Achtung – Panzer! On 12 March 1938, the tanks led the parade. At the head of the XVI Army Corps, Heinz Guderian was finally about to see his dream come true. The first German tank had been built in 1918, in a run of twenty; it was a heavy metal carcass, a two-hundred-horsepower box, a fat baby-buggy, slow and cumbersome to manoeuvre. At the end of the First World War, one of them met an English tank in head-to-head combat and was blown to smithereens. While tanks had made significant progress since that first baptism of fire, there was still a long way to go. The Panzer IV, which for a time would be the queen of the battlefield, was still in its infancy on that day in March 1938. Produced by Krupp, that little tank was still a rather mediocre war machine. Its armour was too light, unable to withstand antitank shells, and its gun was effective only on soft targets.
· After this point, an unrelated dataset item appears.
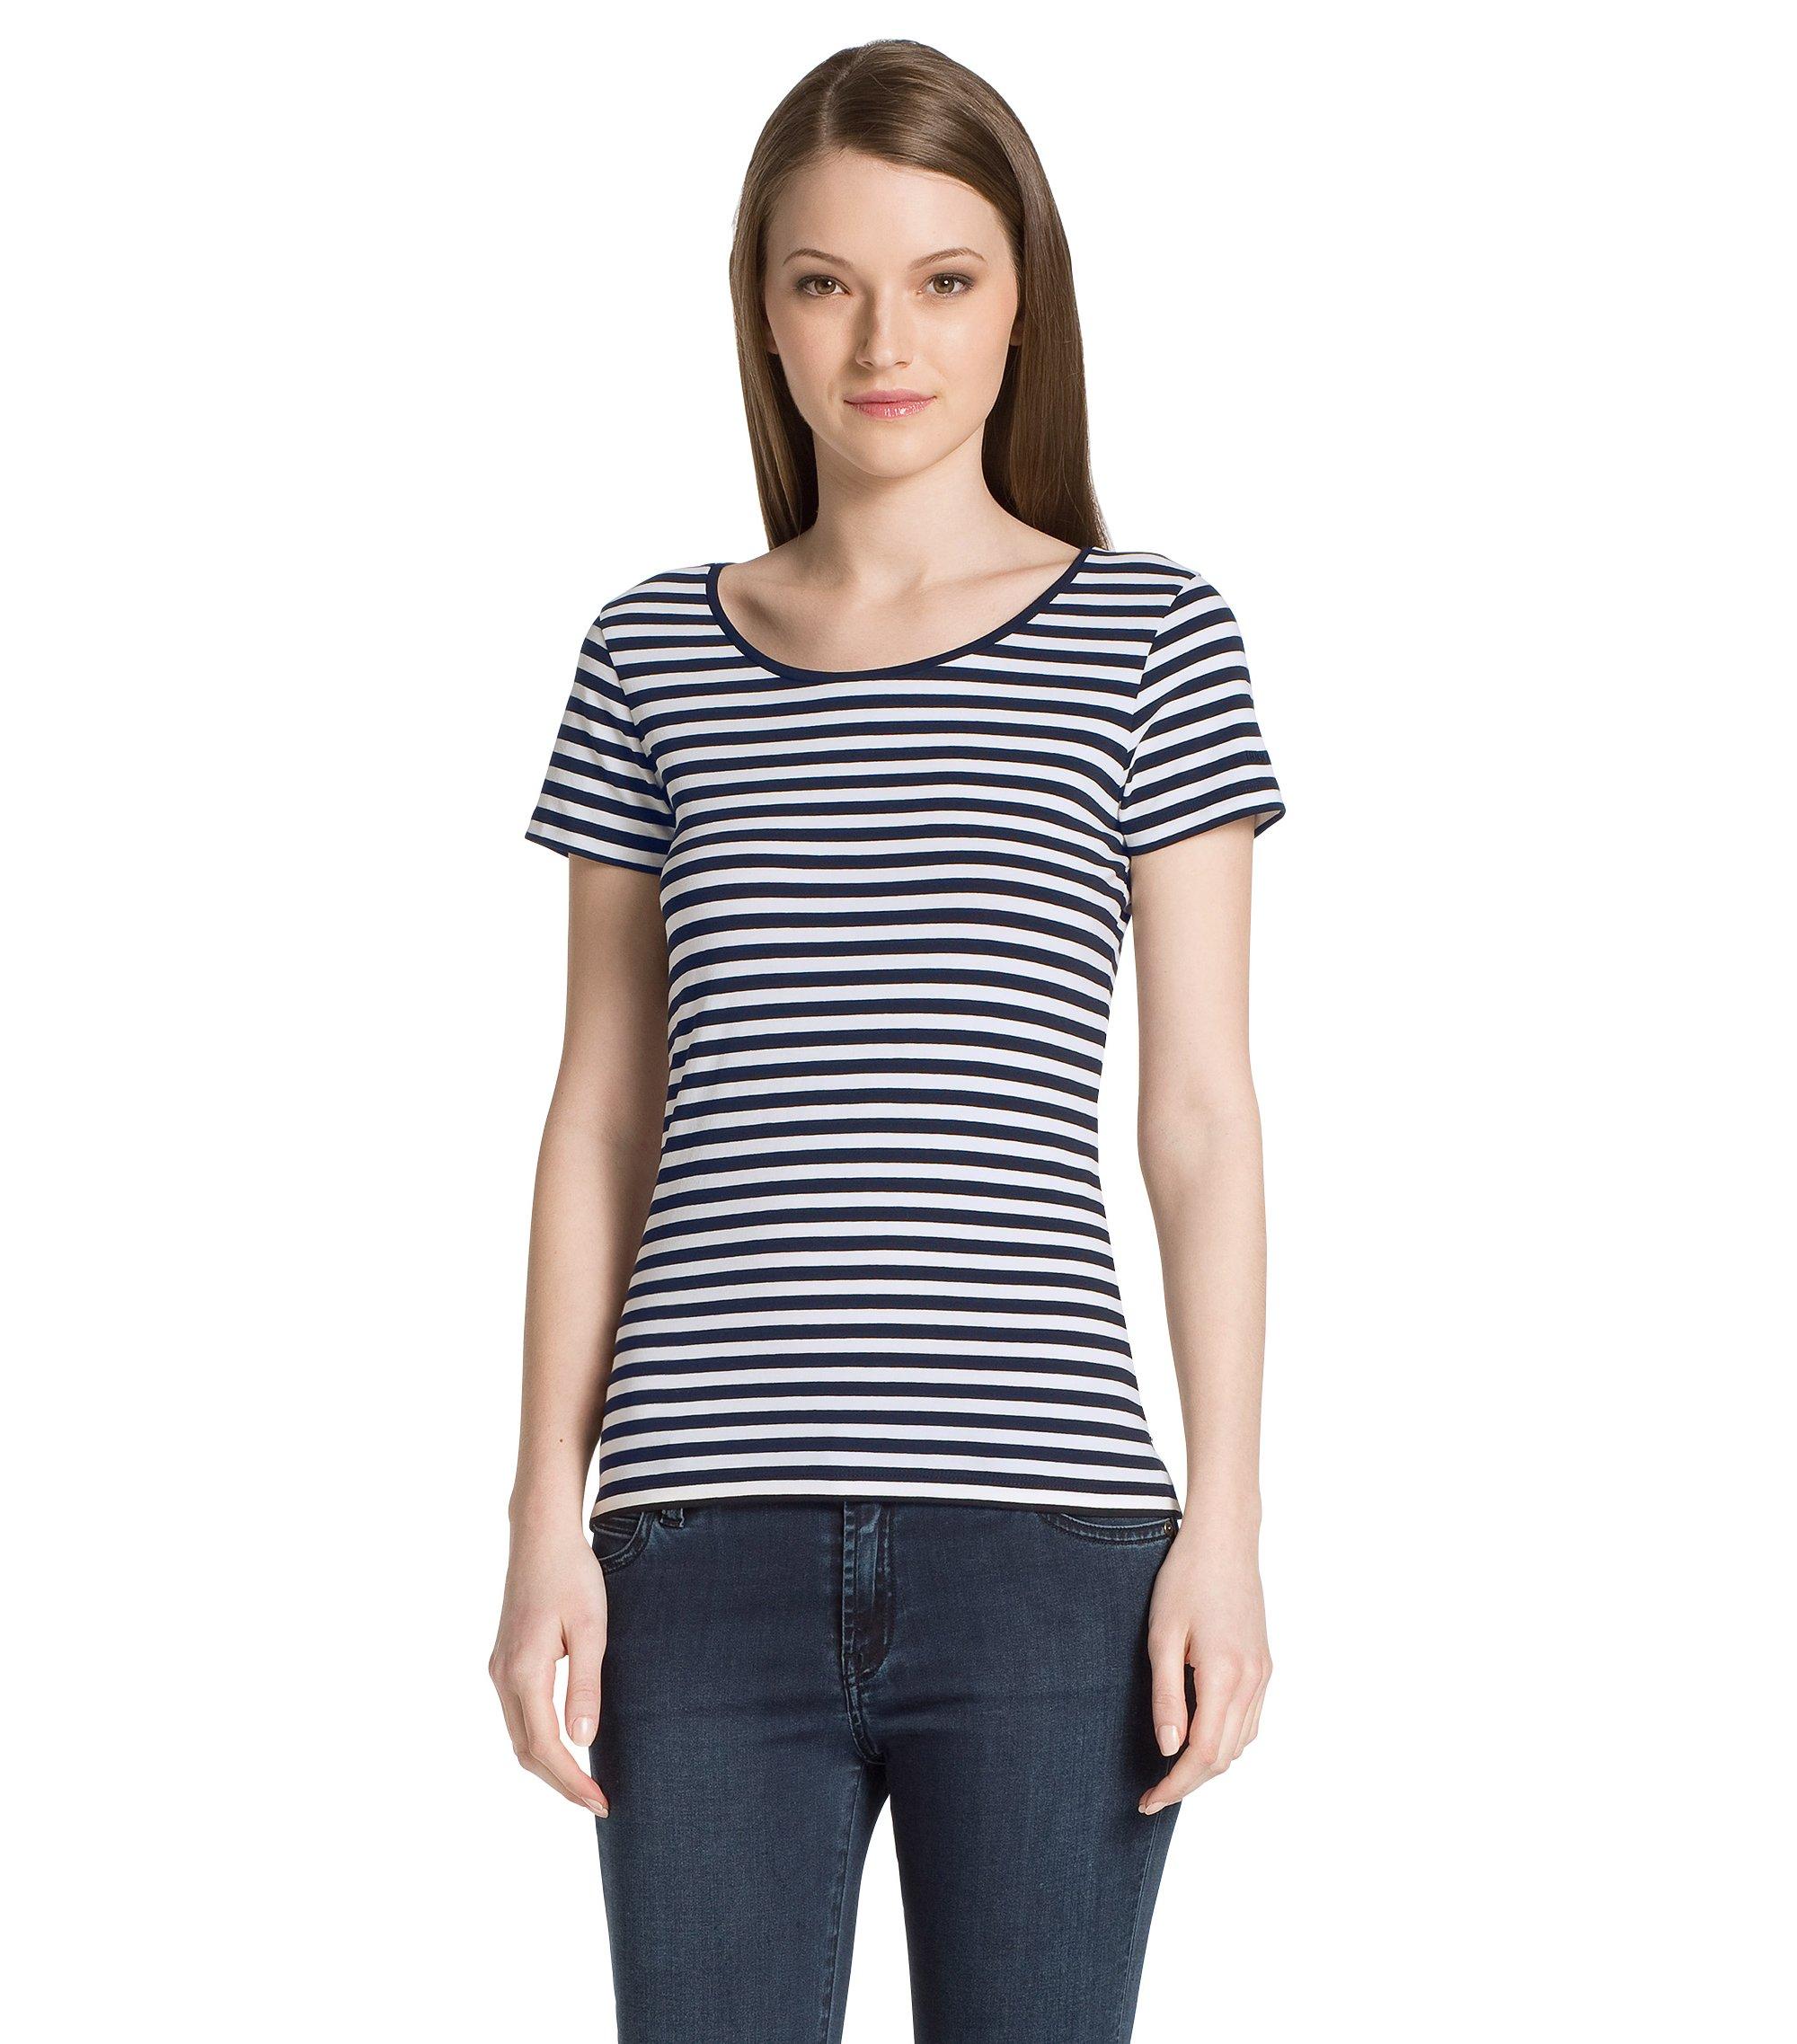 T-Shirt ´Debia_2` aus Baumwoll-Mix, Gemustert

The Panzer II was even smaller, a real sardine tin. It was quick and nimble, but it couldn’t pierce the armour of an enemy tank, while remaining vulnerable itself. It was obsolete the minute it rolled out of the factory. In fact, it had been intended only for training purposes, but production lagged, war was declared sooner than expected, and it was put into active service. As for the Panzer I, it was really just a tankette, with room for only two men who sat directly on the metal floor, like yoga instructors. It was too fragile and its armament too weak, but at least it was cheap to make – hardly more expensive than a tractor.